Careful handling of hot potato
China is under mounting pressure from an influx of short-term capital, as is indicated by a newly increased 1.22 trillion yuan ($198.4 billion) in its funds outstanding for foreign exchange in the first quarter, a big increase on the 494.6 billion yuan for the whole of last year. The country's capital and financial account surplus has also soared, to $101.8 billion in the first quarter of this year, up from only $20 billion in the fourth quarter of last year.

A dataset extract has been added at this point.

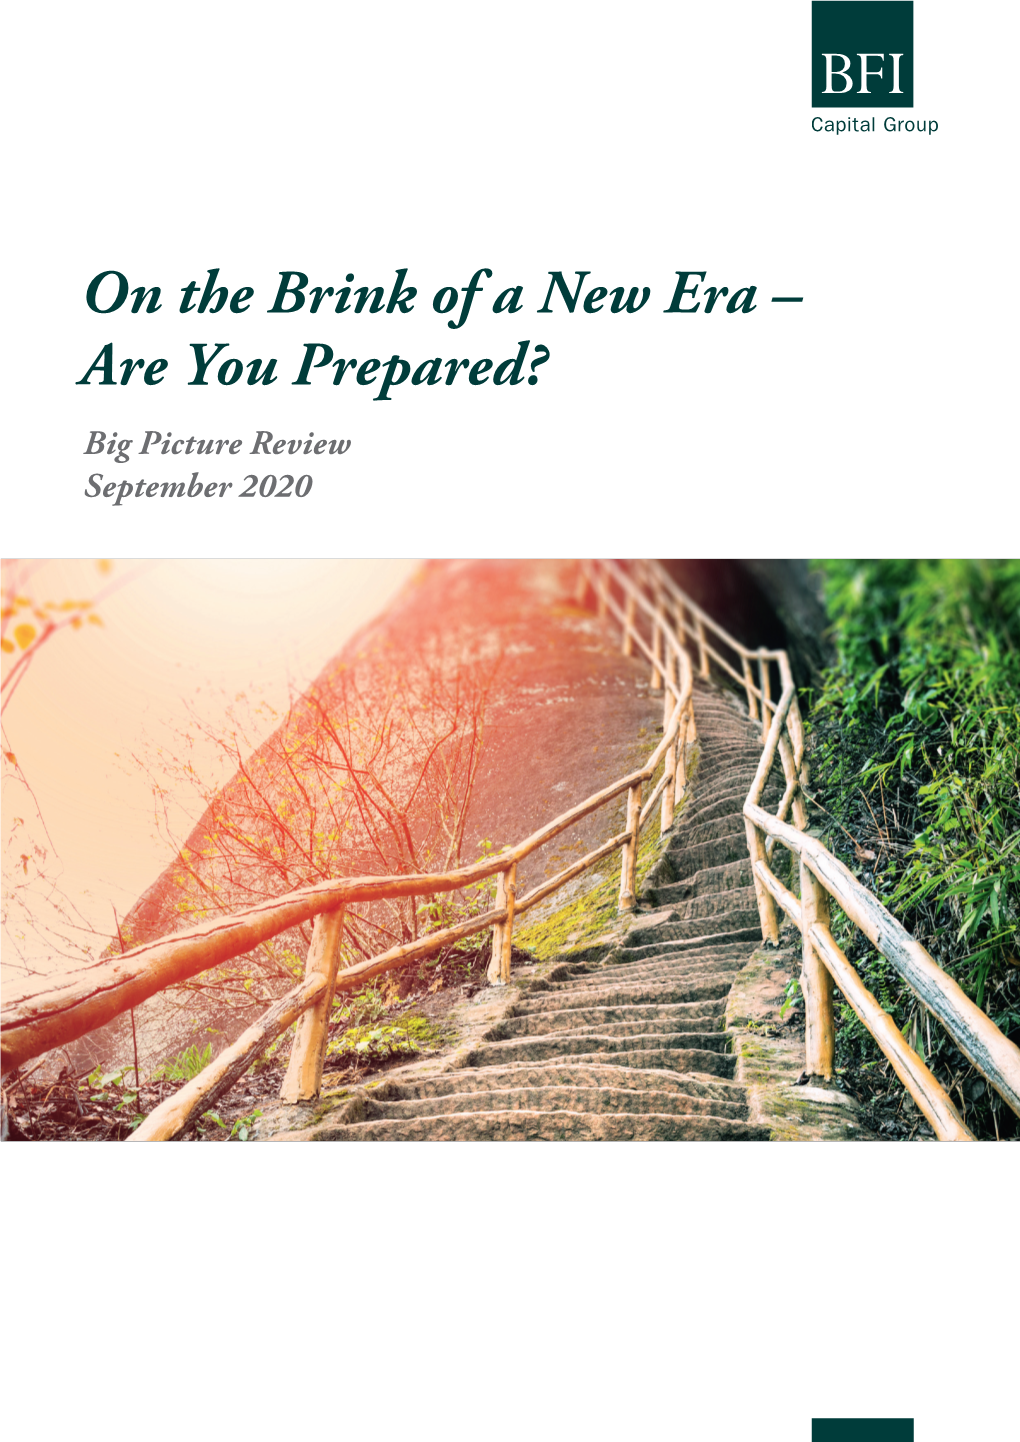 On the Brink of a New Era – Are You Prepared? Big Picture Review September 2020

Short-term capital, other than direct investment and securities, has constituted the lion's share of China's newly increased capital influx in recent months. This speculative capital has chosen to flow into China mainly through transfer pricing in trade transactions, especially through over-reporting of export volumes, instead of via normal financial channels. The evidence is China's unbelievable year-on-year export growth over the past months, a growth that has drawn wide speculation.
In the context of lingering contraction in its external demand, the 25, 22, 10 and 15 percent year-on-year monthly export growth China has reported from January to April has prompted widespread doubts considering Asian export competitors, such as the Republic of Korea, have suffered export slumps over the past months. Data released by China's main export destinations also show that their imports from China are much less than China has reported. A majority of domestic oceangoing shipping companies engaging in international trade have also reported gloomy performance over the past months. All these, together with China's feeble purchasing managers' index, a protracted recession in the world's major economies and a fast rise in the yuan's effective exchange rate, mean China is not on a sound foundation for robust export growth.
China's good-looking export figures are possibly the result of some domestic exporting enterprises over-reporting their export revenues as a way of gaining more export refunds from the government. The possibility also cannot be ruled out that some local governments have played a role in beautifying local export performances in order to meet their promised export growth targets. Renewed expectations for the yuan's appreciation since the end of 2012 and the considerable rise in domestic property prices have also attracted the flow of a large volume of short-term capital to China via false trade deals.
Some believe that the latest influx of speculative capital will only last half a year. Due to the further deceleration of China's economic growth that is expected in the latter half of this year, a possible adjustment of domestic property prices and the decline in appreciation pressure on the yuan, along with a possible withdrawal of the US Federal Reserve from its years-long monetary easing policy, China, they believe, will experience an outflow of short-term capital in the latter half of this year, such as the one it experienced in 2012.